I grew up in an area in which the primary agents of socialization were upper middle-class families with new Priuses and bicycles parked outside of two-story houses featuring grand pianos and panini makers. As a kid, I spoke French, Mandarin, and English. I spent a considerable amount of time with white kids, learning to adopt their vernacular and mannerisms. I always knew I was Asian, because it was the box I checked. And while I could hang out with the white kids, I was perpetually unassimilable. No matter how long I spent with the white kids, at the end of the day, I would go home to a family that spoke Mandarin and that upheld Chinese traditions, culture, and mores. It was apparent that though the white kids and I were very similar, we were also very different. Perhaps most prevalent of this cultural discrepancy were our contrasting beauty standards. Modern-day Eurocentric standards of beauty describe the perfect girl as having a big butt, big boobs, and tanner skin. The diametric opposite is true of standards of beauty in Chinese culture as of late.
I had been with generally the same group of kids since elementary school. In high school, when I began meeting people from other schools, I was often asked if I was half-Asian. It was interesting to me that my bigger eyes, double eyelids and ability to speak French would lend people to believe I was mixed race. In fact, in college, I have been asked on numerous occasions, "Are you Hapa?" I remember meeting someone who, after less than a minute of our conversation paused, asking, "Wait, so what are you?"
Growing up with white people who looked so obviously different than me, it was easy to racially disassociate myself with the idea of ‘white privilege’; however, it is important to note that this privilege is not exclusively gifted to white people, but in fact, to those who act white as well. Unlike my parents, I can speak fluent English, which eradicated the language barrier they faced. I have always been trusted to check my white neighbors’ mail or babysit their kids. My tendency to shop at thrift stores is labeled ‘bougie’ and ‘retro-chic,’ but never assumed to be done out of necessity. Though I rarely explicitly acknowledge my white privilege, it has been particularly eminent in my life, allowing me many opportunities that have advanced me to where I am today.

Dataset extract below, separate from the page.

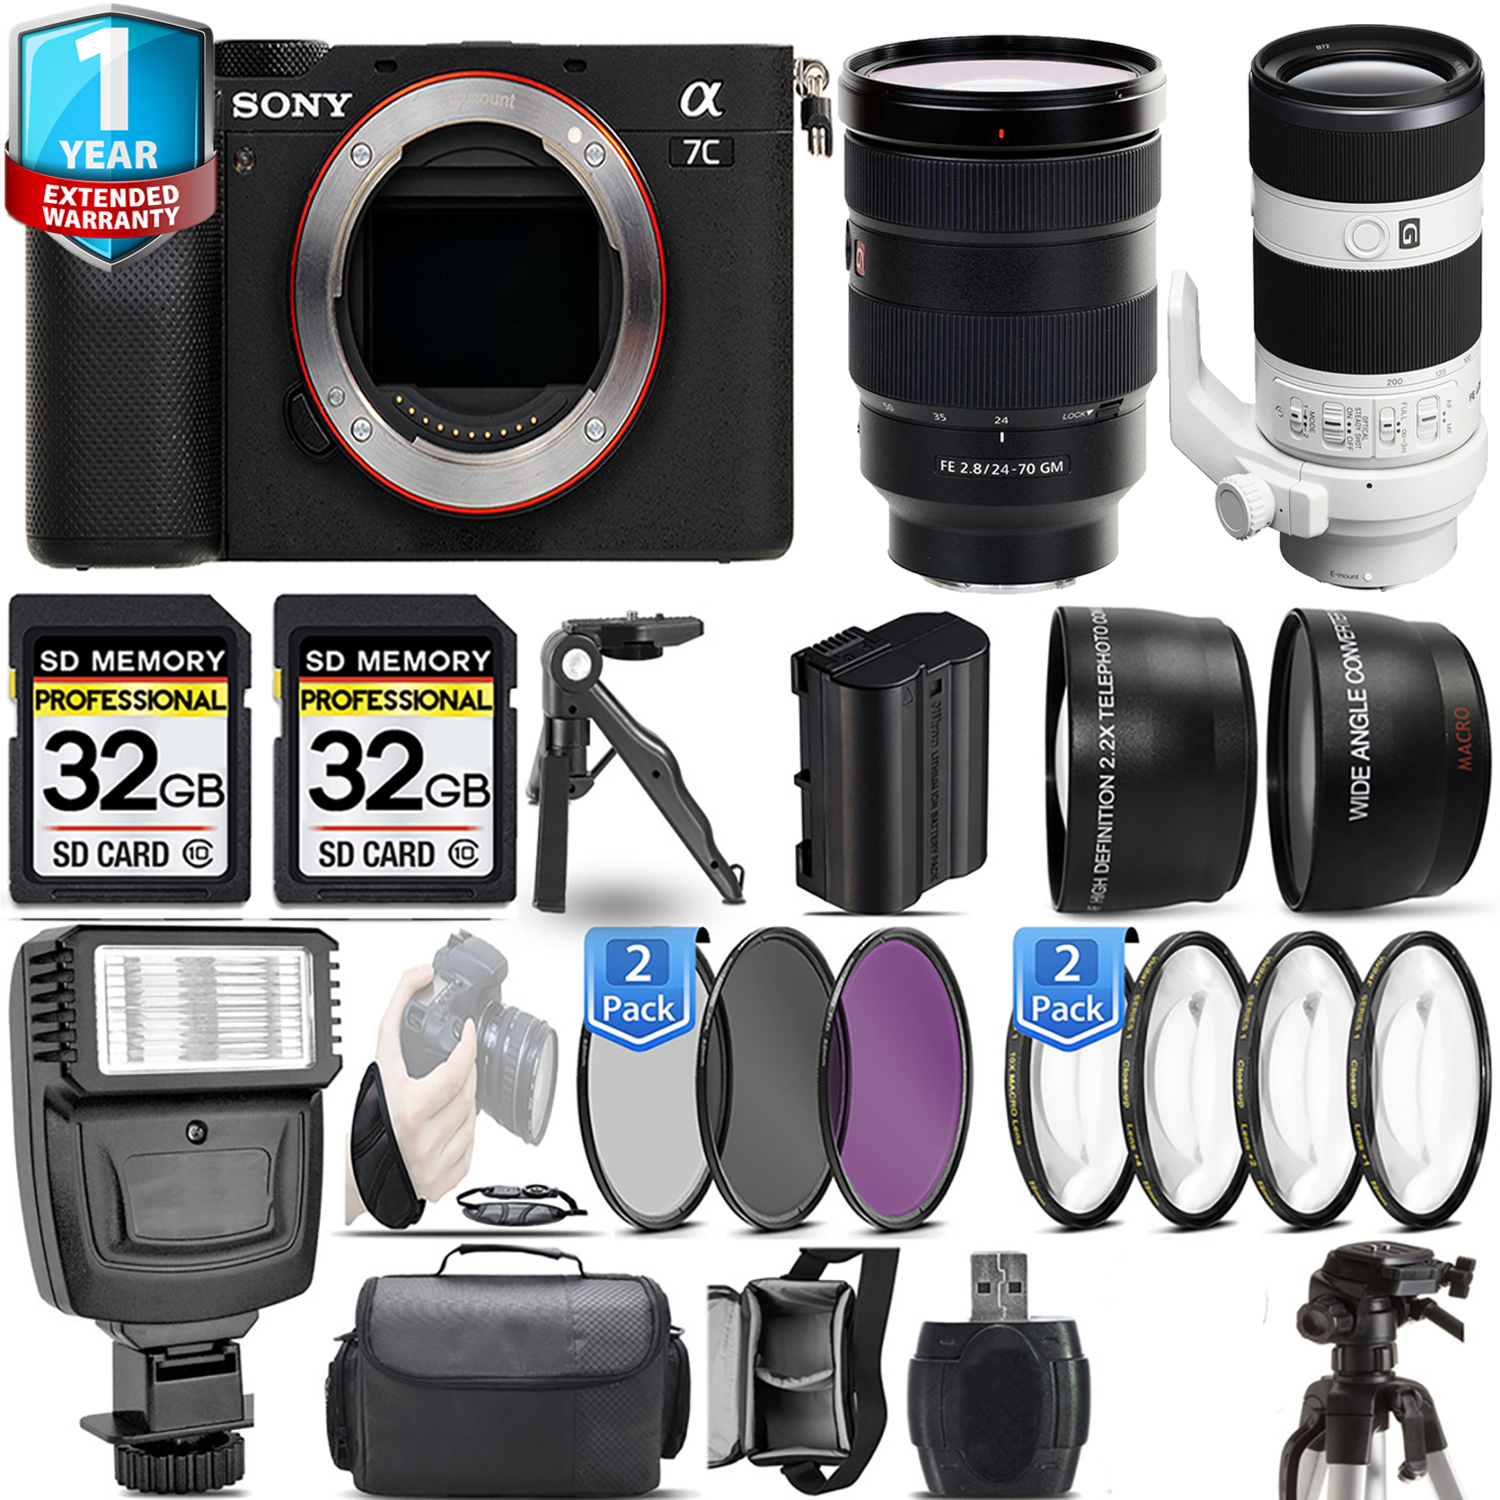 Alpha a7C Camera (Silver) + 70-200mm Lens + 24-70mm Lens + Flash + 1 Year Extended Warranty Kit *FREE SHIPPING*

While I will never be "white" as we currently define the term, I recognize that I have many of the privileges that white people do. They may or may not be attributed to a tiny nuance in my salient features. Nonetheless, I believe it important to recognize that while in many ways I am disadvantaged, I am also advantaged. And it is from this privileged standpoint that I should listen to the issues of others that may not be afforded the same privileges as me.